療育手帳取得の記録。
今回の記事は、
息子たちが療育手帳を取得した2021年2月に、別のブログ(現在非公開)で書いた内容について加筆転載しています。
◆息子たちの発達検査歴と決断
兄くんは、幼稚園年長時に初めて発達検査を受けました。
その後、小学校4年生でADHD・ASD(アスペルガー症候群)と診断。
弟くんは、小学校6年生で初めて発達検査を受けました。
検査翌月、ASD・ADHDと診断。
ばるもち家では、療育手帳を取得するかどうかについて、長い間結論を出せずにいましたが、昨年の秋、最終的に取得を決断しました。

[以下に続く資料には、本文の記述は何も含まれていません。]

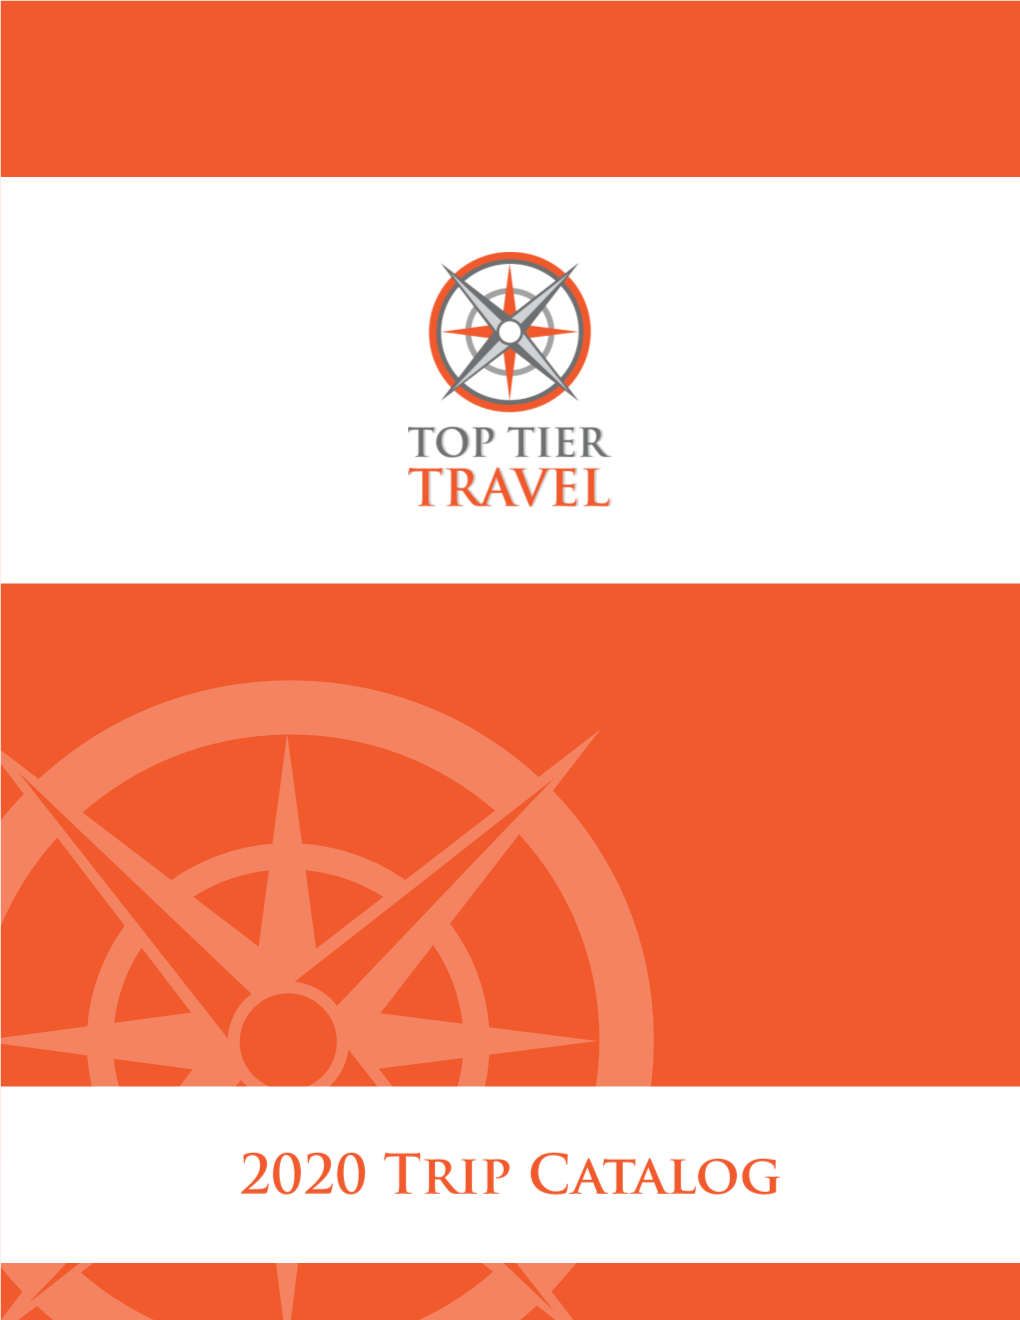 View Our 2020 Trip Catalog

取得を決めた最大の理由は、将来の選択肢のひとつとして障害者枠(知的障害)で就職するという道を確保するため、です。
(精神障害者保健福祉手帳でも精神障害者として障害者枠で就職することができますが、今回は療育手帳を取得することを選びました。今後、必要があれば精神障害者保健福祉手帳の取得も考えていくつもりです。)
手帳取得の決断当時、兄くんは高校2年生でした。
兄くんは高校1年生で不登校になり、高校2年生で転学。兄くんと家族は、それぞれが自分やお互いと向き合うための時間を過ごしていました。
兄くんの気持ちが少しずつ落ち着いてきて未来の話を受け入れてくれるようになった頃、私から兄くんに提案する形で療育手帳の取得の話をしました。
◎手帳を取得するということは、決して兄くん自身や、兄くんの未来を決めつけるものではないこと。
◎就職先として障害者枠を選択できるようになること。
◎困った時に頼ることができる先(福祉サービス)と繋がりやすくなること。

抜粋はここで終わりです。